Jeden Abend wird über ein anderes Thema diskutiert, von allen zusammen oder in Gruppen. Wo könnte man in der Stadt ein solidarisches Gemüsebeet anlegen, von dem sich jeder etwas nehmen darf oder wie sollte ein faires Arbeitsgesetz aussehen? Ein von Arbeitsministerin El Kohmri erarbeitetes Gesetz war in ganz Frankreich der Anlass der Protestbewegung "Nuit debout". Um die Arbeitslosigkeit in den Griff zu bekommen, sieht es vor, die 35-Stunden-Woche bei guter Auftragslage zu lockern. Ebenso sollen betriebsbedingte Kündigungen erleichtert werden. Doch mittlerweile ist das nicht mehr das einzige rote Tuch für die Demonstranten . Sie sind gegen die etablierten Parteien - wählen geht Florian schon lange nicht mehr -, gegen Polizeigewalt, gegen Steuerflucht, gegen die Ausbeutung von Praktikanten und den Umgang der Regierung mit Migranten. Michel, der mit 44 Jahren heute Abend der älteste der Runde ist, möchte einfach "was machen, damit meine Kinder in einer gerechteren Gesellschaft leben". Er ist mit Tochter Maya gekommen, die gerade ein Plakat malt für die nächste Demo gegen das Arbeitsgesetz.

Michel und Maya werden wohl nicht wie die meisten bis Mitternacht bleiben, das Kind muss ja morgen in die Schule. Dass der harte Kern das tägliche Treffen Nacht für Nacht durchzieht, hat mehrere Gründe. Zum einen gibt es eine generelle Ablehnung des Systems von einer Generation, die sich ausgebeutet fühlt. Florian, Clémentine, Alice und die anderen wollen die Welt neu erfinden, das aktuelle System stürzen, in dem Politiker und Firmenbosse nur noch die eigenen Interessen durchsetzen, um sich die Taschen immer voller zu machen. "Wir wollen etwas Menschliches daraus machen, und wenn nicht wir, wer macht das dann?", fragt Clémentine.

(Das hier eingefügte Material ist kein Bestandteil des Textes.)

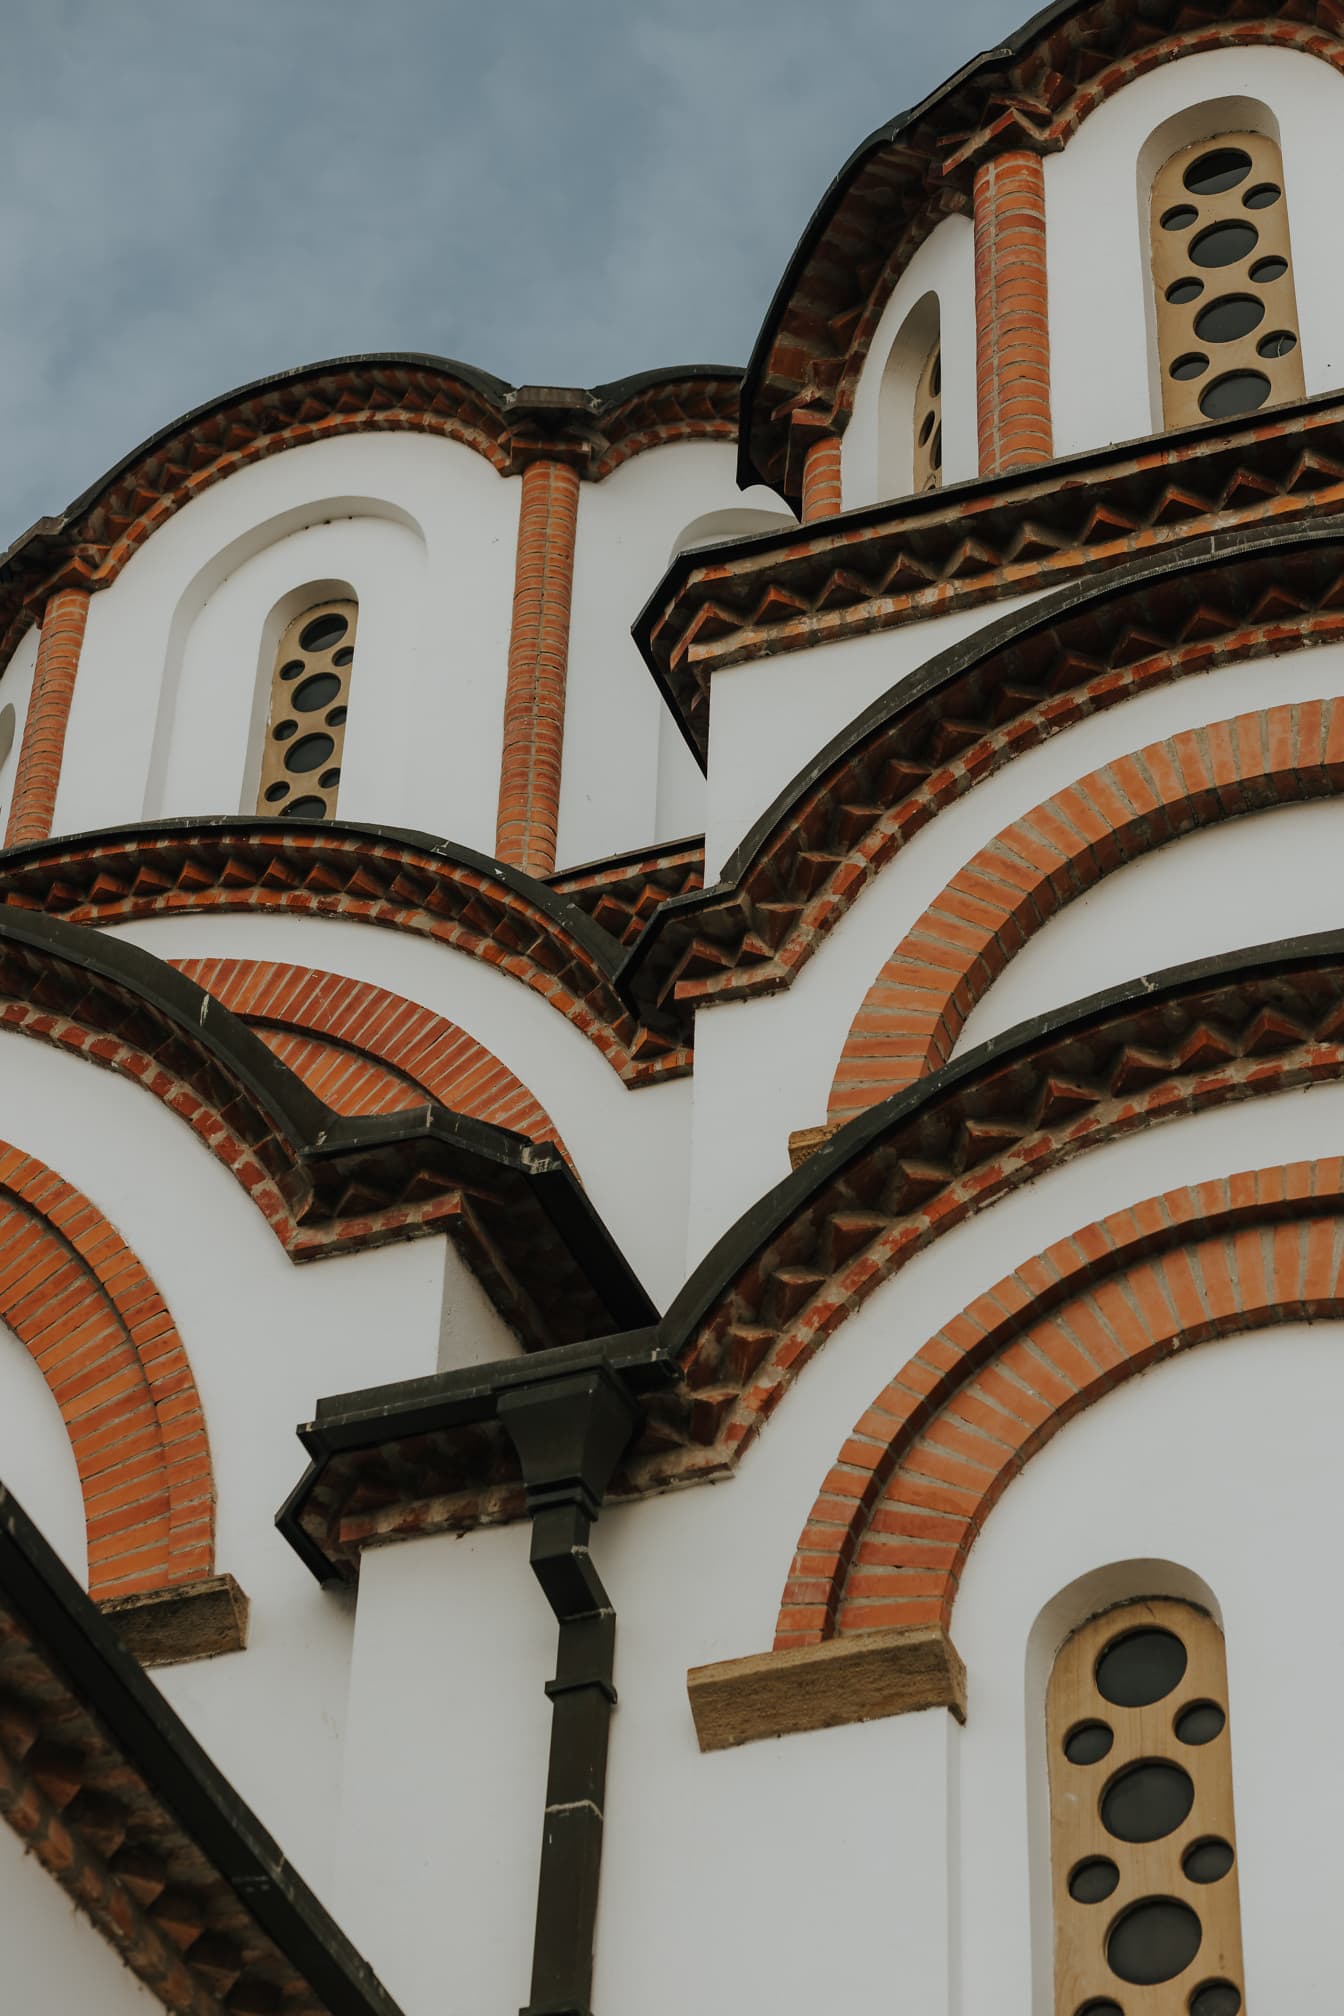 Gaya jendela sempit Bizantium abad pertengahan di gereja ortodoks

Für die Beharrlichkeit der Bewegung auf der Place de la Comédie gibt es auch einen pragmatischen Grund. Die meisten sind arbeitslos. "Nuit debout" ist zu ihrer Aufgabe geworden. Der 27-jährige Thomas ist Pyrotechniker. Seitdem der Notstand ausgerufen wurde, sind Feuerwerke verboten und Thomas hat keine Aufträge mehr. Dieses Schicksal teilt er mit der 23-jährigen Uni-Absolventin, die einem weiteren Plakat den letzten Schliff verpasst. "Ich habe fünf Jahre lang studiert und einen guten Abschluss, aber keine Stelle", sagt sie. Ihr während des Grafikstudiums mit Nebenjobs verdientes Geld reiche nur noch für drei Monate, dann müsse sie wahrscheinlich zurück zu ihren Eltern aufs Land ziehen - wo sie noch weniger Chancen auf Arbeit hat. Sie kommt fast jeden Abend zu "Nuit debout", erzählt sie. "Hier habe ich tolle Leute kennengelernt, denen ich sonst nie begegnet wäre. Man kann sich austauschen, neue Hoffnung schöpfen." Bevor sie täglich auf den Platz gekommen ist, habe sie gedacht, dass die Jobsuche nur für Geisteswissenschaftler so schwer sei. Hier hat sie jedoch auch arbeitslose Ingenieure kennengelernt. Geteiltes Leid ist halbes Leid? Na ja, das macht es nicht unbedingt weniger schlimm, aber wenn alle ihre Energien bündeln, könnte aus "Nuit Debout" etwas Großes werden, ist sich auch Thomas sicher. Für den nächsten Abend, sind sie sich aber alle einig, werden sie auch Heißgetränke organisieren.